Near-identical fungal strain found in NICU and premature infant
Two eukaryotic species were detected in both the NICU and in a premature infant: Candida parapsilosis and Purpurocillium lilacinum. To contextualize the similarity between them, the genomes assembled from both the infant and room environments were compared to all available reference genomes and each other using dRep (Olm et al., 2017a). C. parapsilosis genomes from the NICU sink of infant S2_005 and gut of infant N3_182 were more similar to reference genomes than each other (Supplemental Figure S1) whereas P. lilacinum genomes from the NICU surfaces of infant S2_003 and gut of infant S2_018 were much more similar to each other than to reference genomes (Figure 4A).
A mapping-based high-resolution genomic comparison was performed to compare the P. lilacinum strains in the room and infant (see methods for details). The two genomes have an average nucleotide identity (ANI) of over 99.999%, as well as no detectable differences in genome content (Figure 4B). The NICU sample harboring P. lilacinum was collected about 300 days prior to the birth of infant S2_018, and from a different room of the same hospital.

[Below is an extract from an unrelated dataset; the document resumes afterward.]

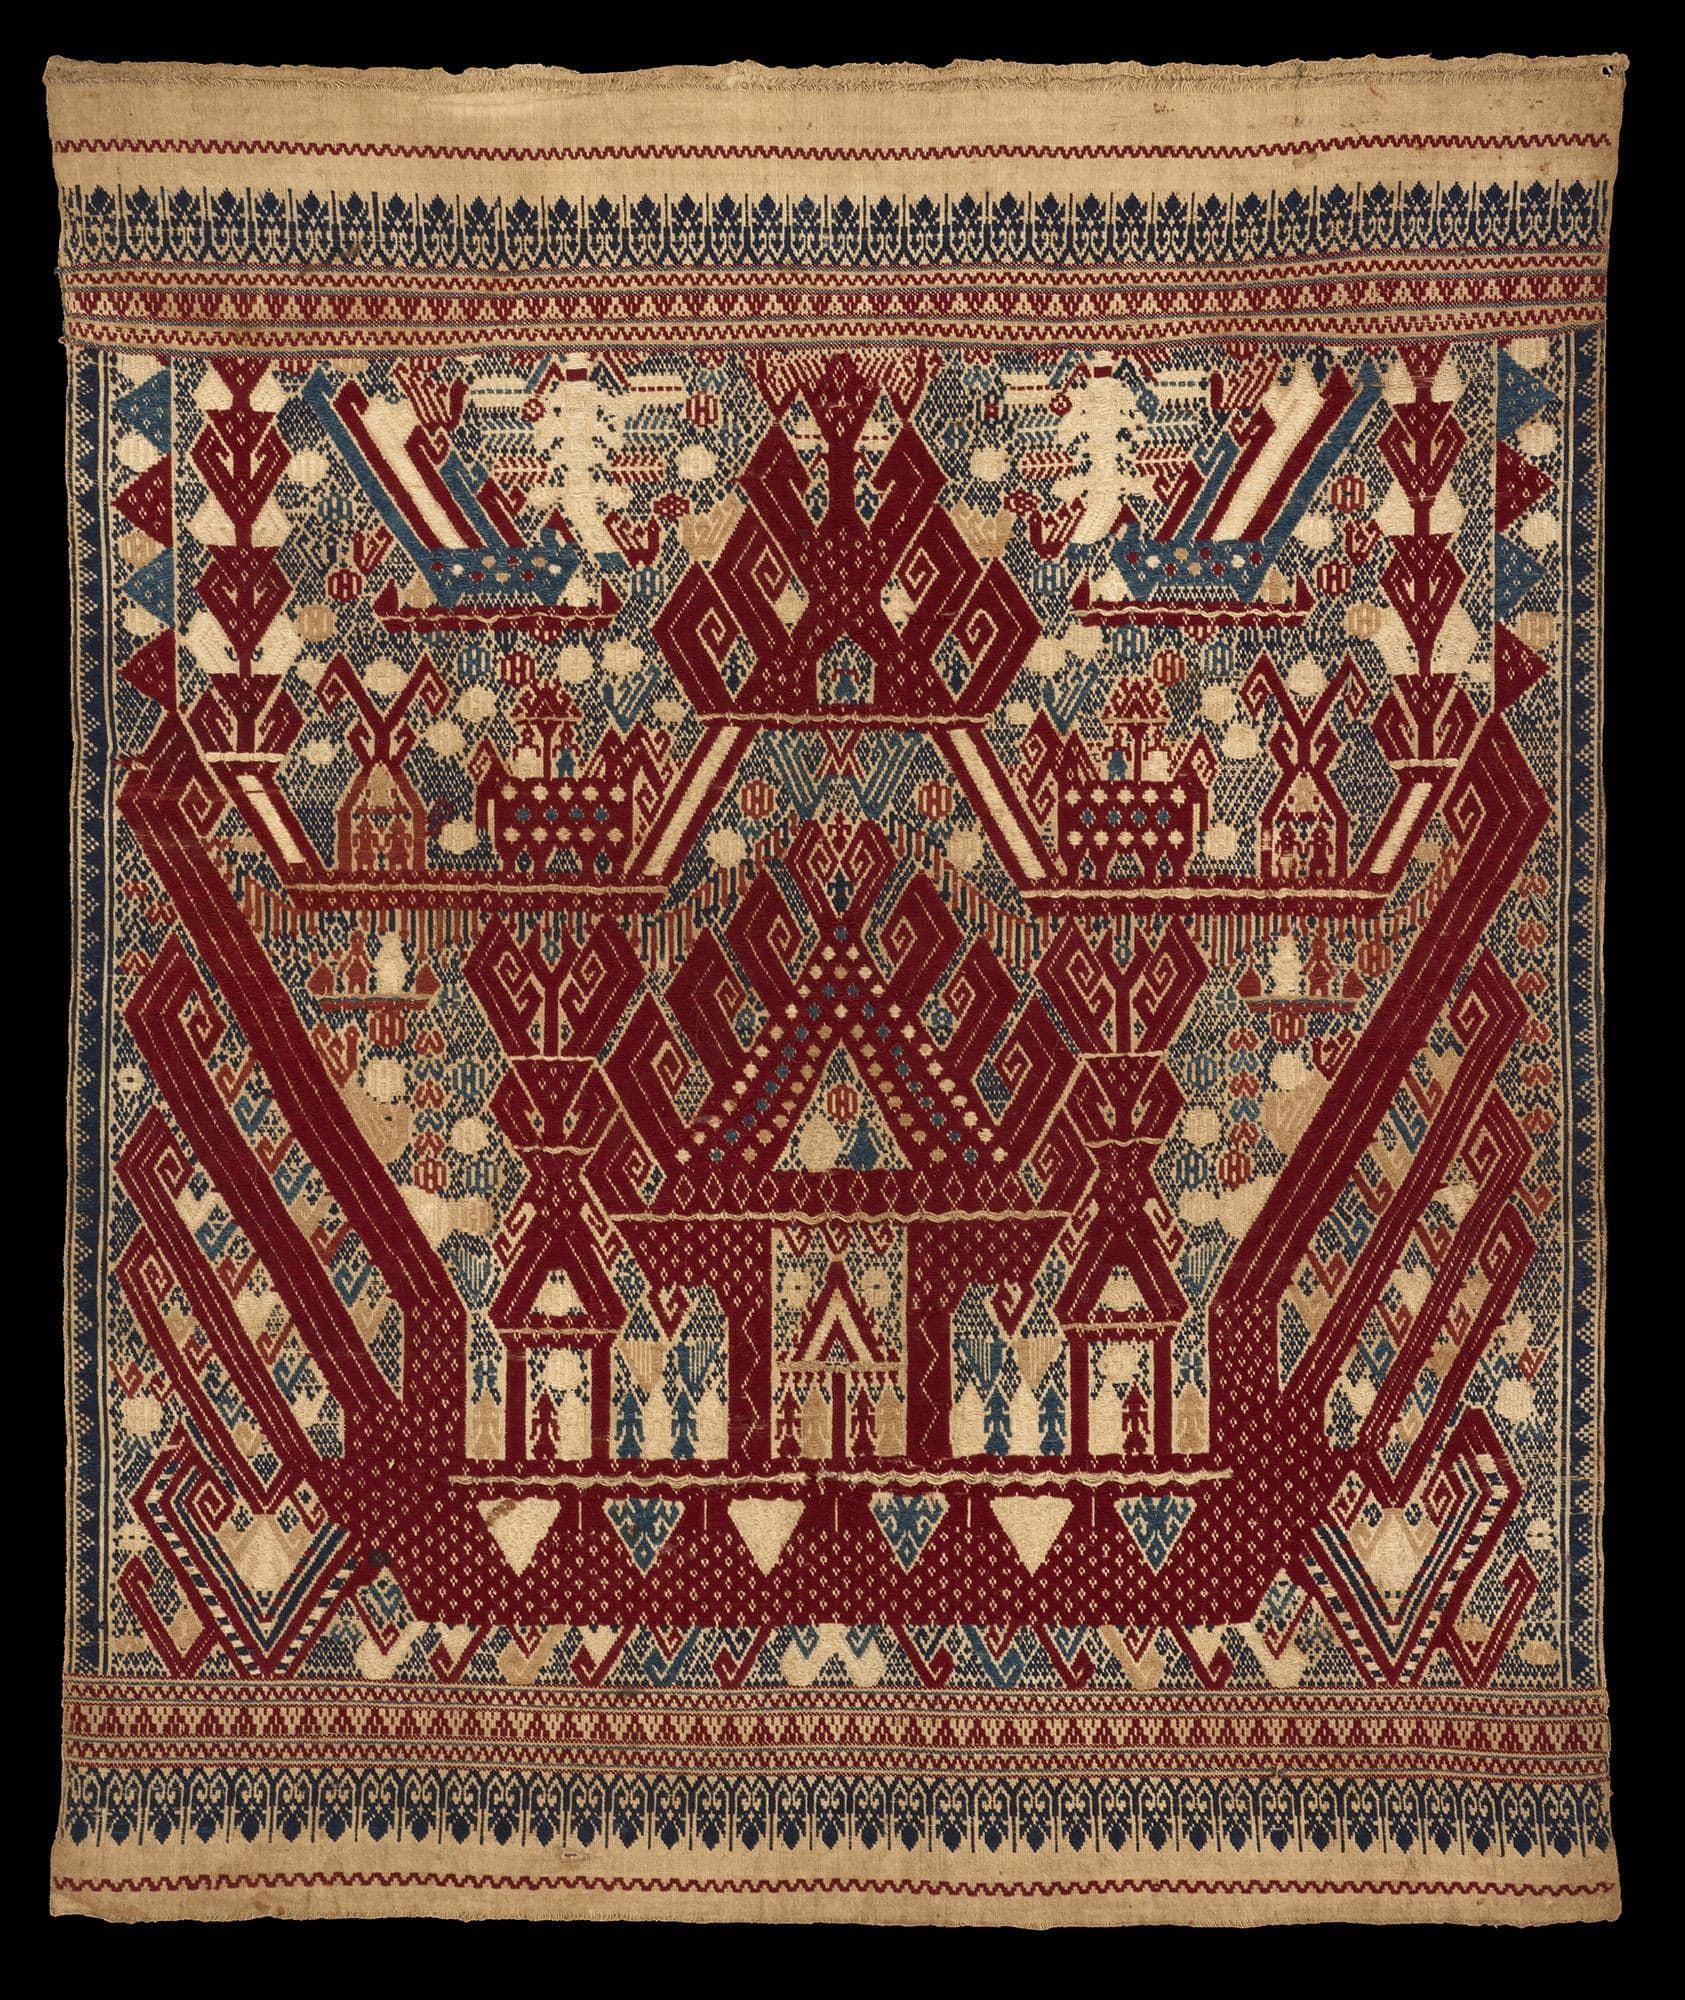 Ceremonial Cloth | Tampan © The Dallas Museum of Art | Texas, USA

Sequence analysis of new genomes
De novo assembly of eukaryotic genomes from metagenomes not only allows for detailed genomic comparison and detection of novel organisms, but also the determination of ploidy, aneuploidy (abnormal number of chromosomes in a cell), heterozygosity, and population heterogeneity of organisms in vivo. Changes in ploidy and aneuploidy have been observed in many eukaryotes, especially yeasts (Hirakawa et al., 2015; Peter et al., 2018), and are thought to be a strategy for relatively quick adaptation to shifts in environmental conditions. To determine the ploidy of our genomes, we examined the read count for each allele at a given variant site. For a diploid genome, alleles are expected to have a read count of 50%; for a triploid genome, alleles are expected to have a read count of either 33% or 67%. Based upon this analysis, all of our reconstructed genomes are diploid (Figure 5A, Supplemental Figure S2). Similarly, aneuploidy can be detected by searching for regions where allele frequencies and/or read coverage differ from the rest of the genome. We did not see evidence for aneuploidy in any of our genomes (Supplemental Figures S3, S4). However, it is possible regions of aneuploidy may be unintentionally excluded during the binning process due to altered coverage values.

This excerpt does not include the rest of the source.